:: Supplied data ::

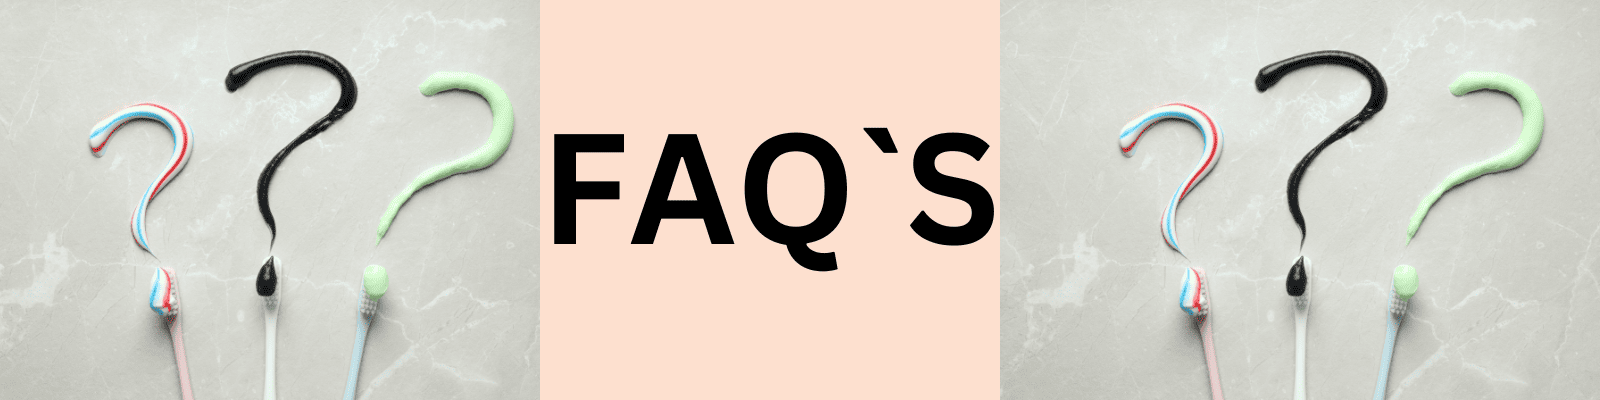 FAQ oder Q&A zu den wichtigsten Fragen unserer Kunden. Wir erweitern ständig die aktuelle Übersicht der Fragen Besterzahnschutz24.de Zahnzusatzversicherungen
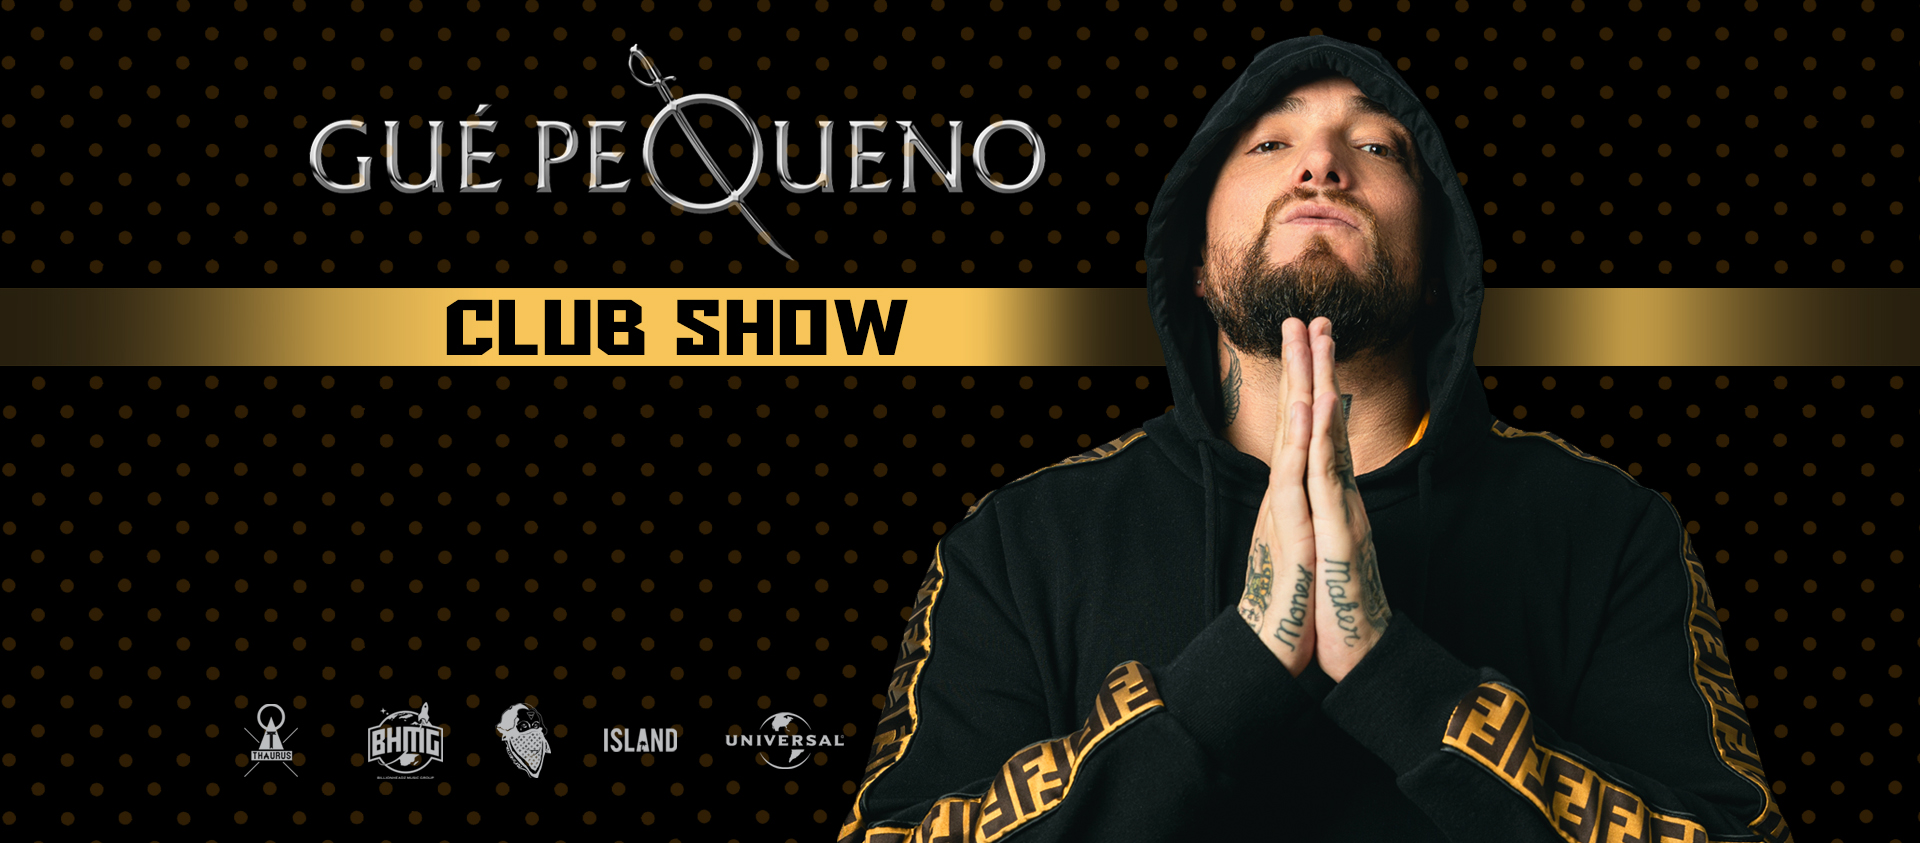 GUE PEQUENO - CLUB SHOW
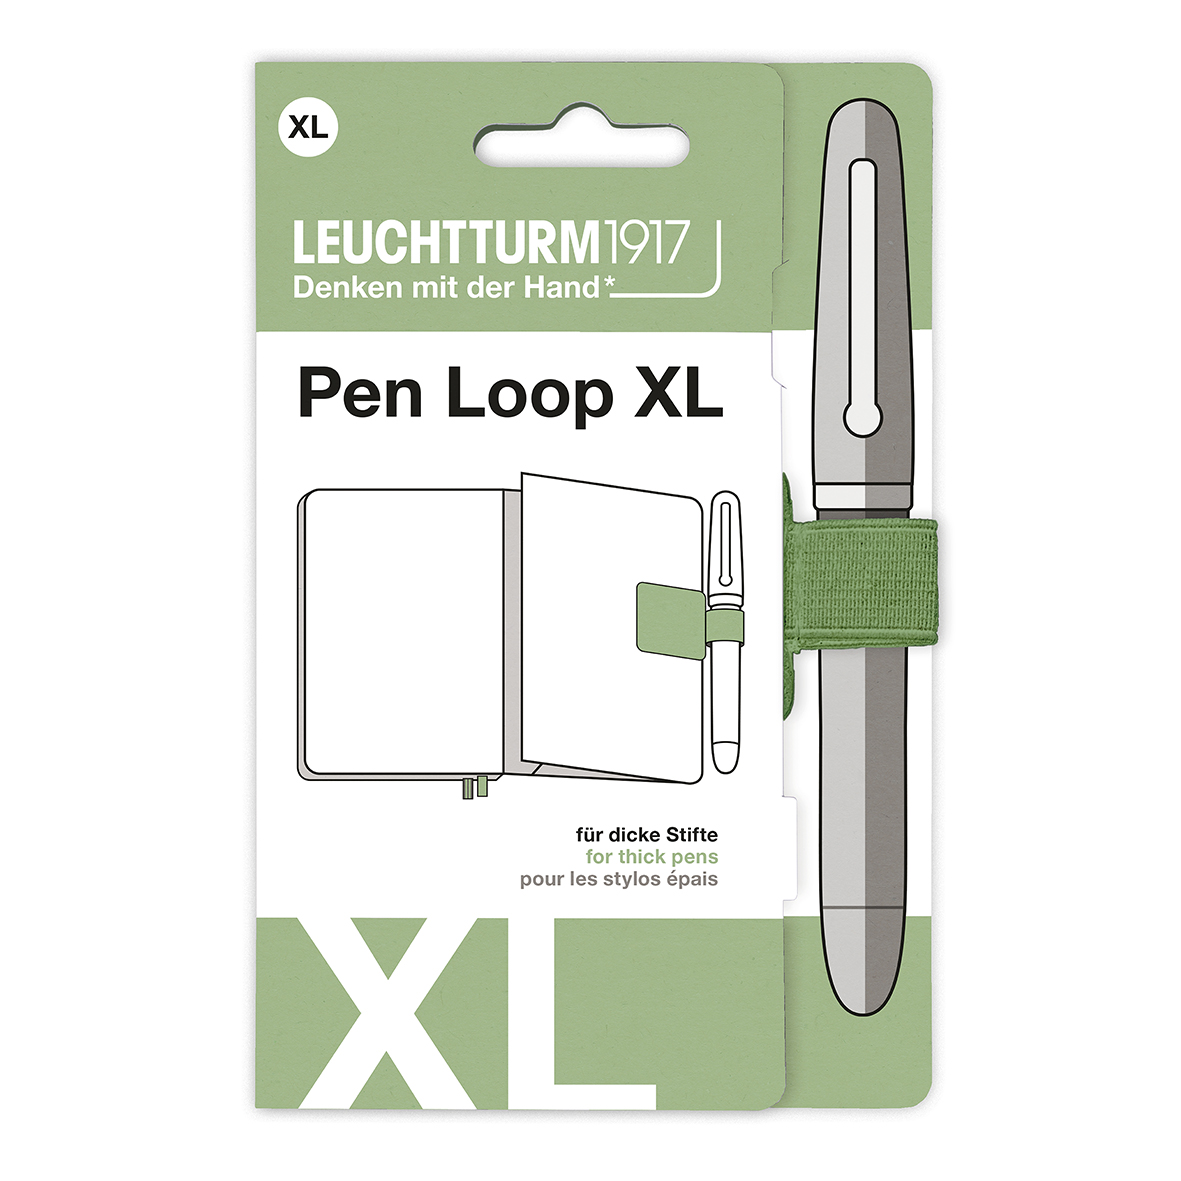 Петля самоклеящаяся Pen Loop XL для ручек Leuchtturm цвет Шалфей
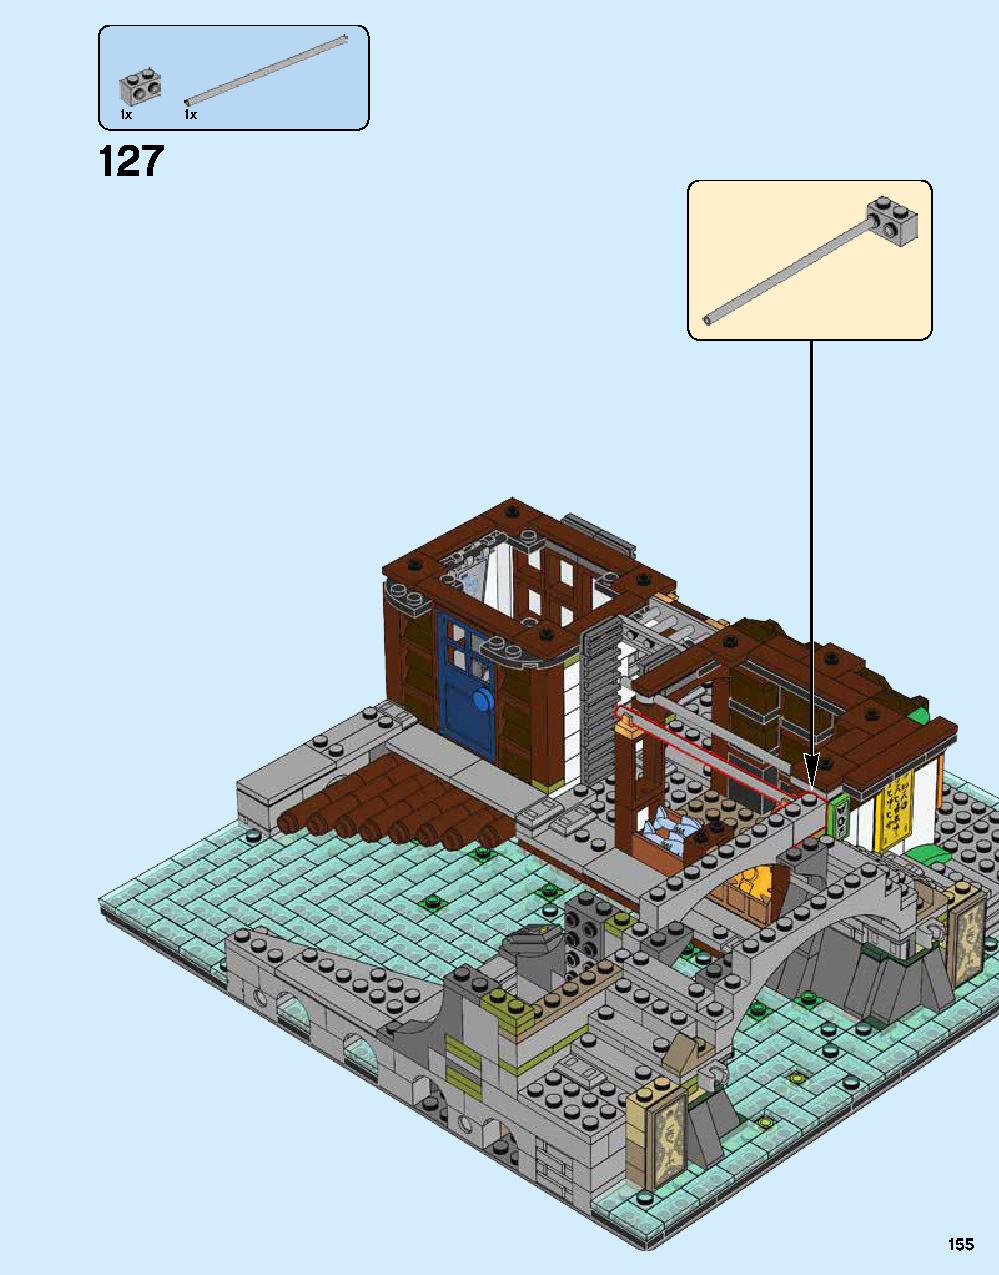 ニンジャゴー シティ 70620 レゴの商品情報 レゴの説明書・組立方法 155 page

:::

Could you retype the whole listing word for word, minus its pictures?

 FAQ oder Q&A zu den wichtigsten Fragen unserer Kunden. Wir erweitern ständig die aktuelle Übersicht der Fragen Besterzahnschutz24.de Zahnzusatzversicherungen
 GUE PEQUENO - CLUB SHOW
 Петля самоклеящаяся Pen Loop XL для ручек Leuchtturm цвет Шалфей
 ニンジャゴー シティ 70620 レゴの商品情報 レゴの説明書・組立方法 155 page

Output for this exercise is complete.